◆ PROVIDED DATA:
::::::::::

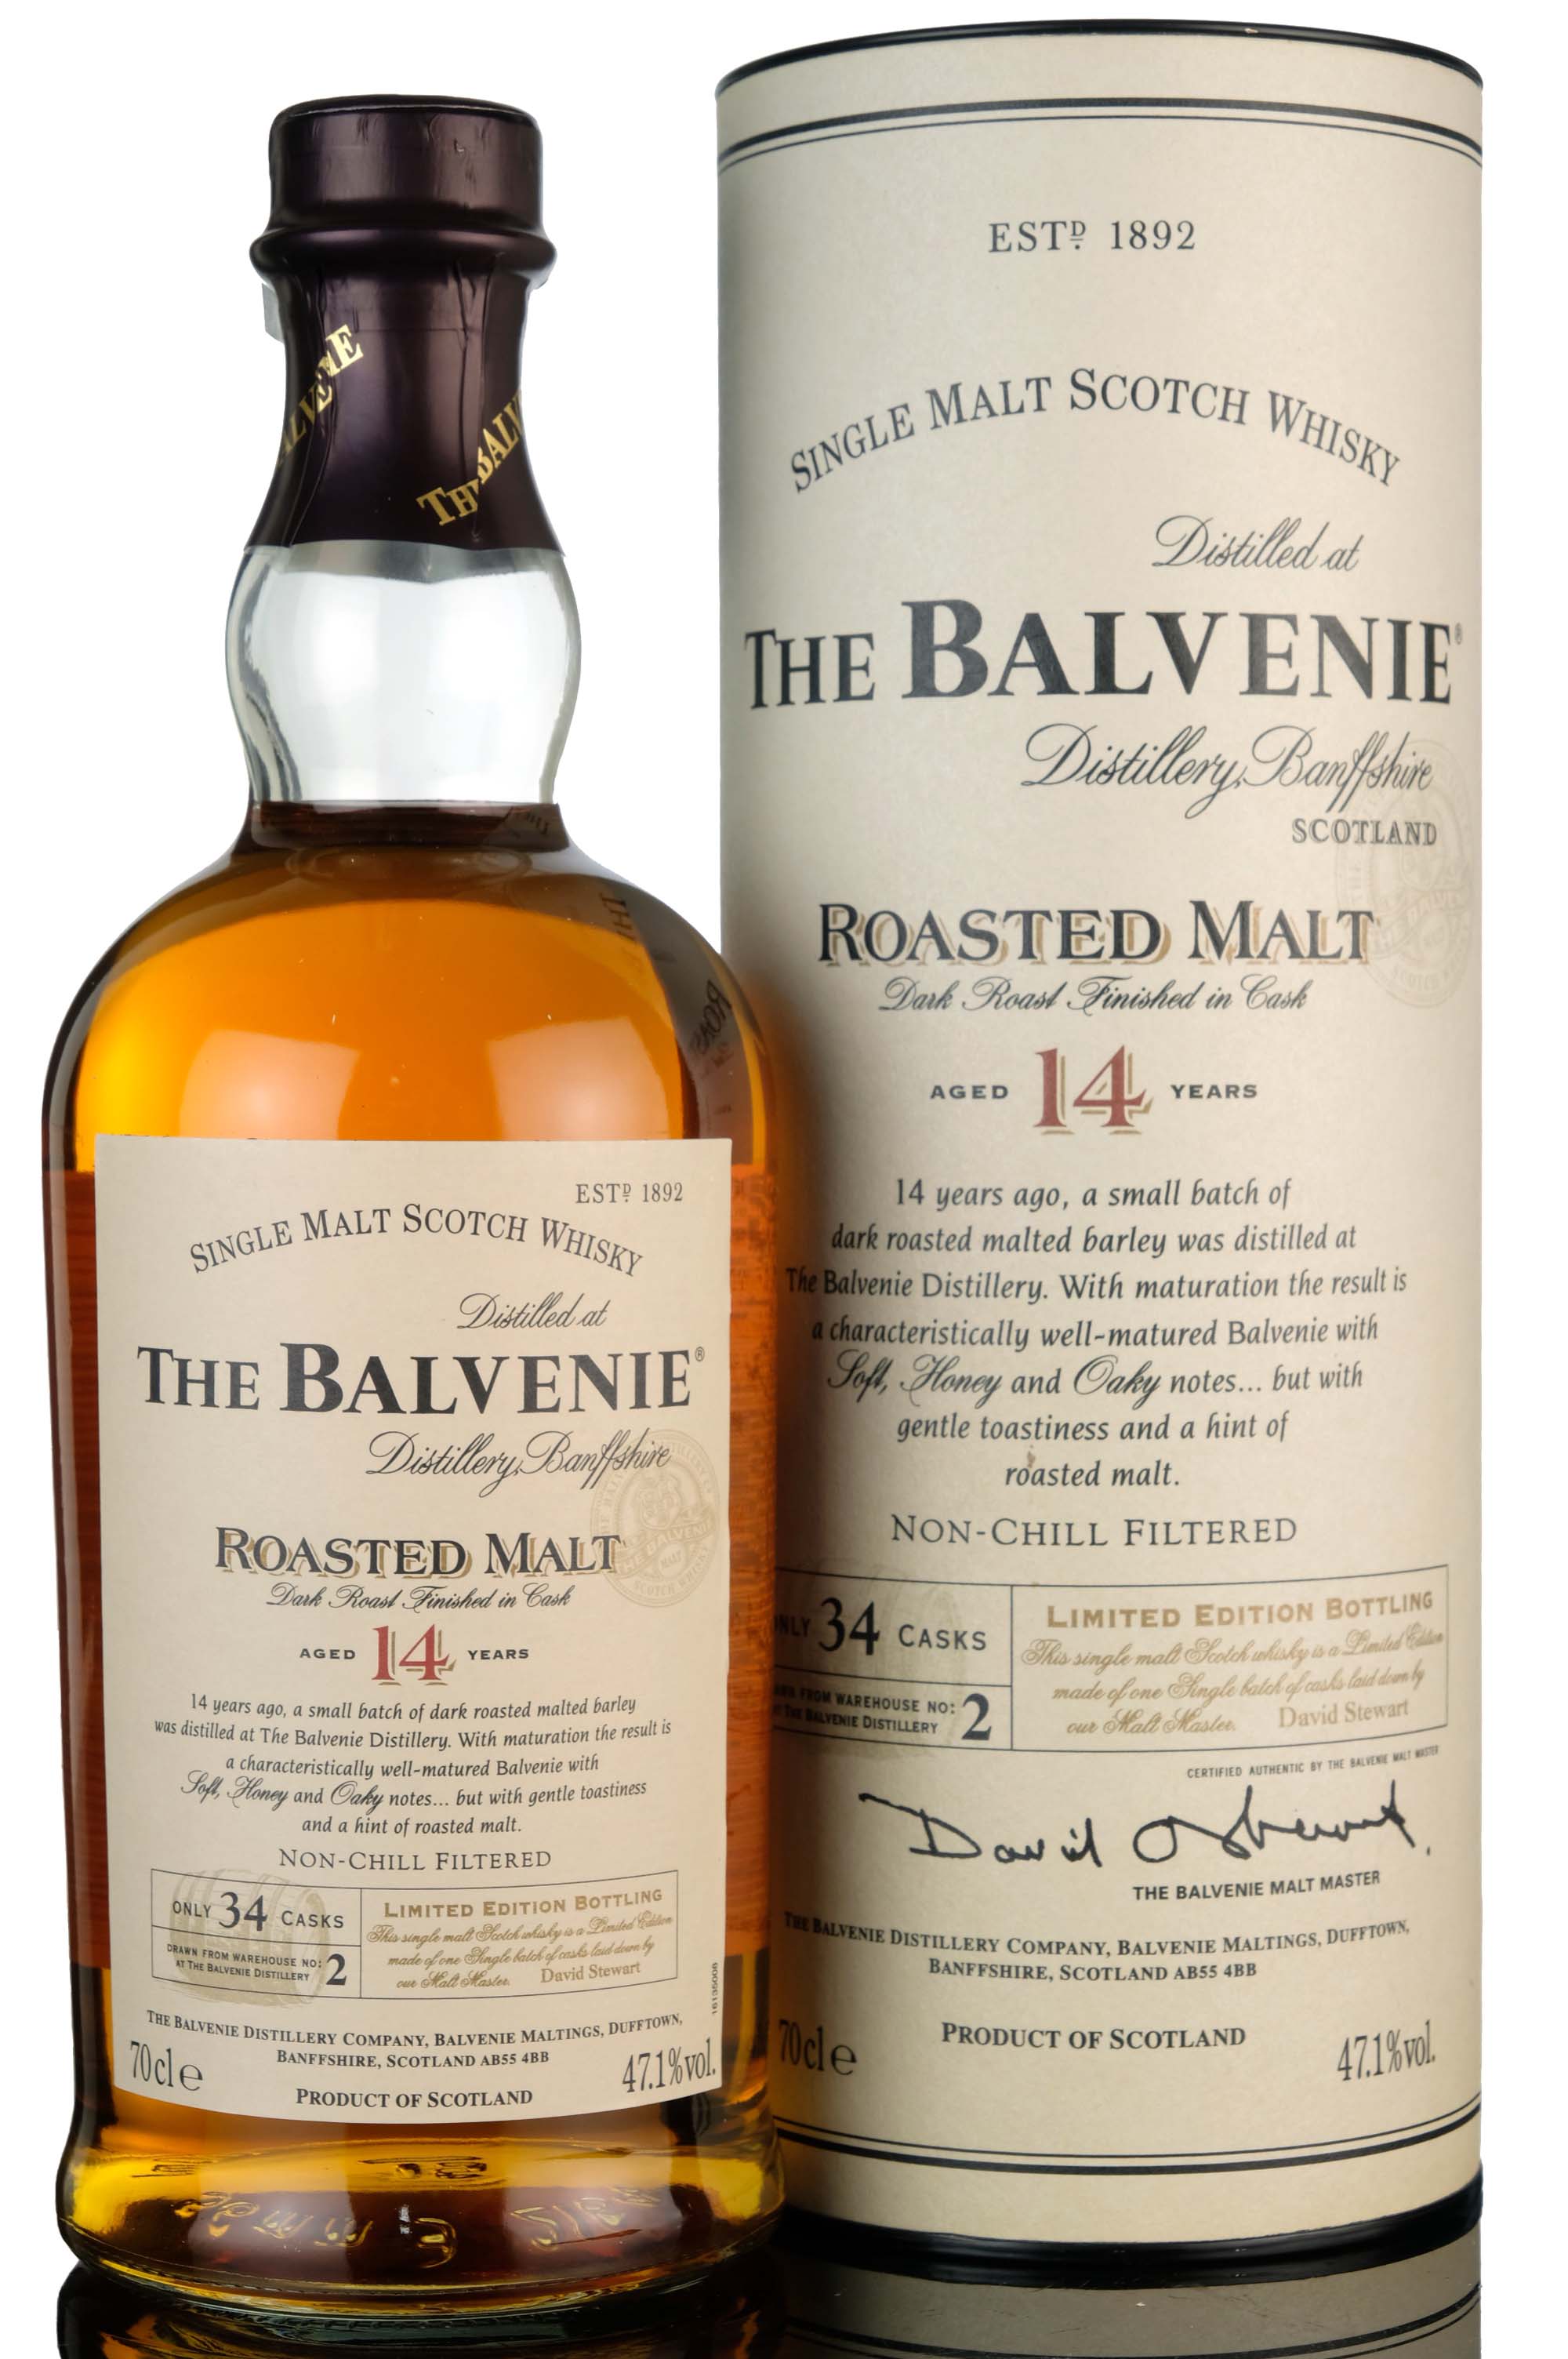 Balvenie 14 Year Old - Roasted Malt - 2006 Release
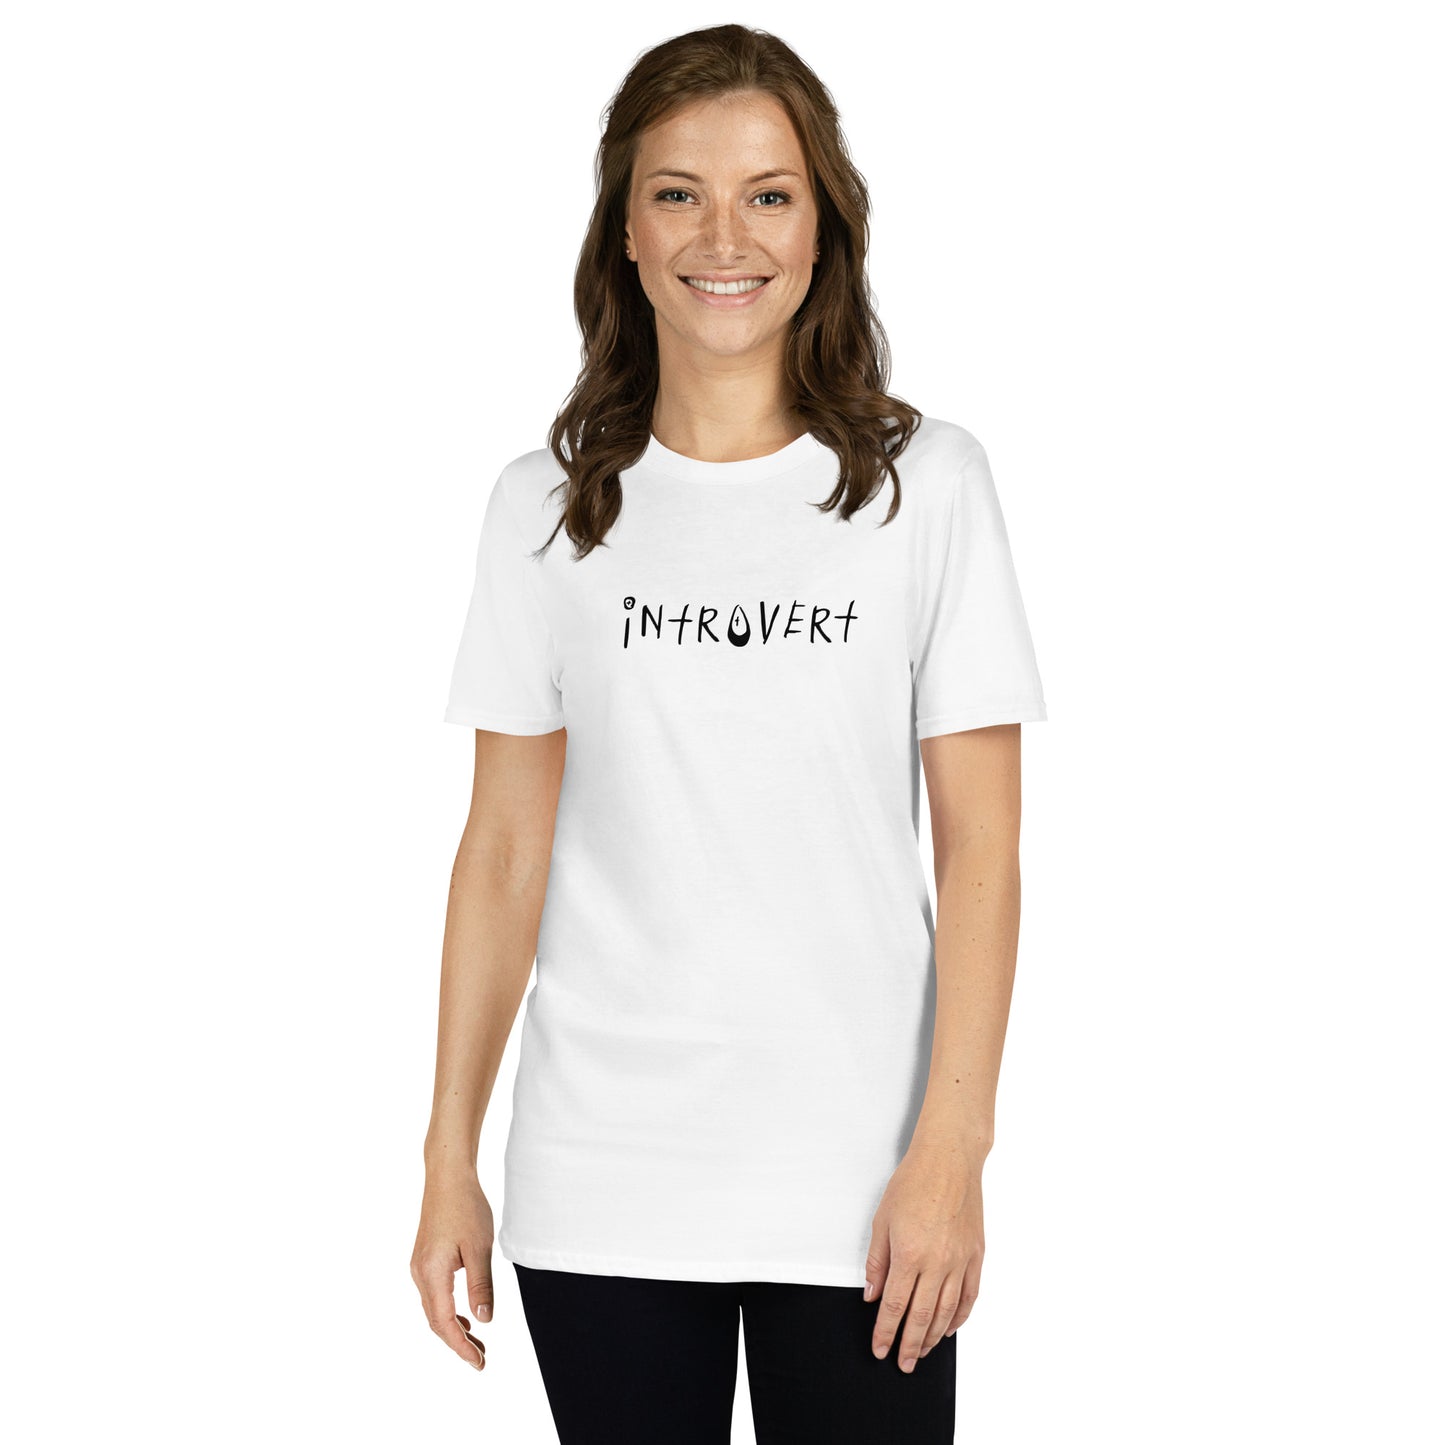 "Introvert" Short-Sleeve Unisex T-Shirt
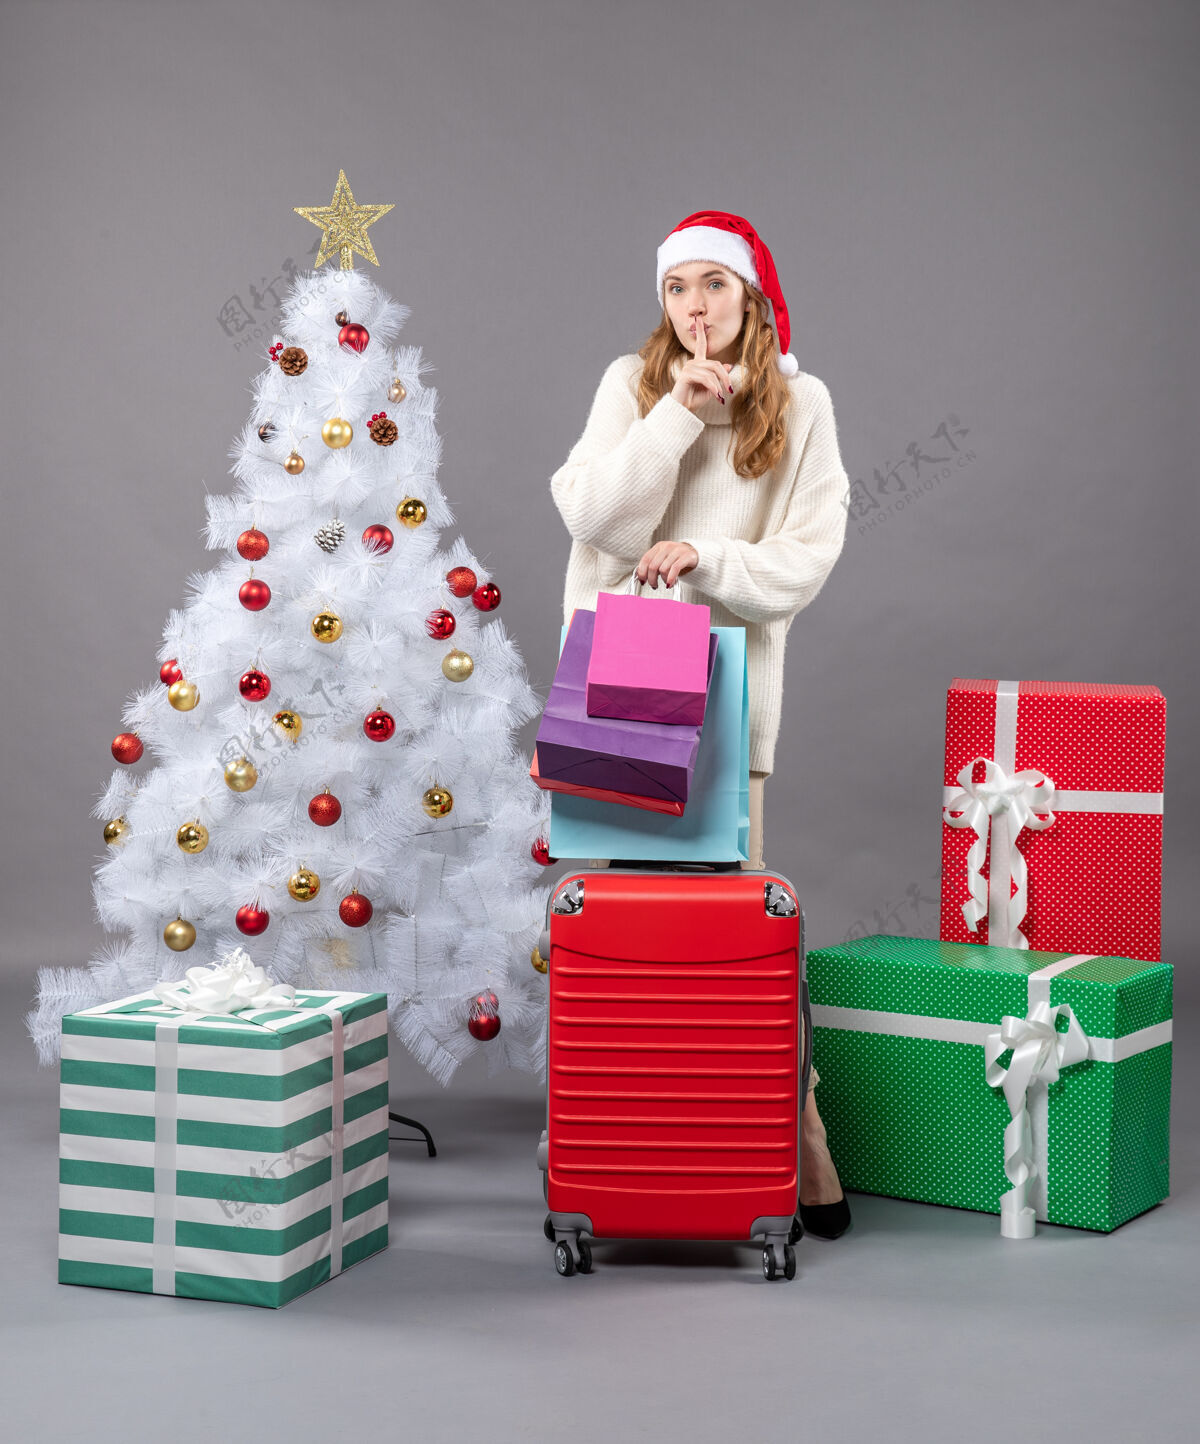 行李正面图金发女孩 戴着圣诞帽 手里拿着红色的手提包 购物袋上写着“嘘”金发女孩盒子圣诞老人

::::::::::

Exclude every picture and restate the listing word for word.

◆ RESULT:
 Balvenie 14 Year Old - Roasted Malt - 2006 Release
 "Introvert" Short-Sleeve Unisex T-Shirt
 行李正面图金发女孩 戴着圣诞帽 手里拿着红色的手提包 购物袋上写着“嘘”金发女孩盒子圣诞老人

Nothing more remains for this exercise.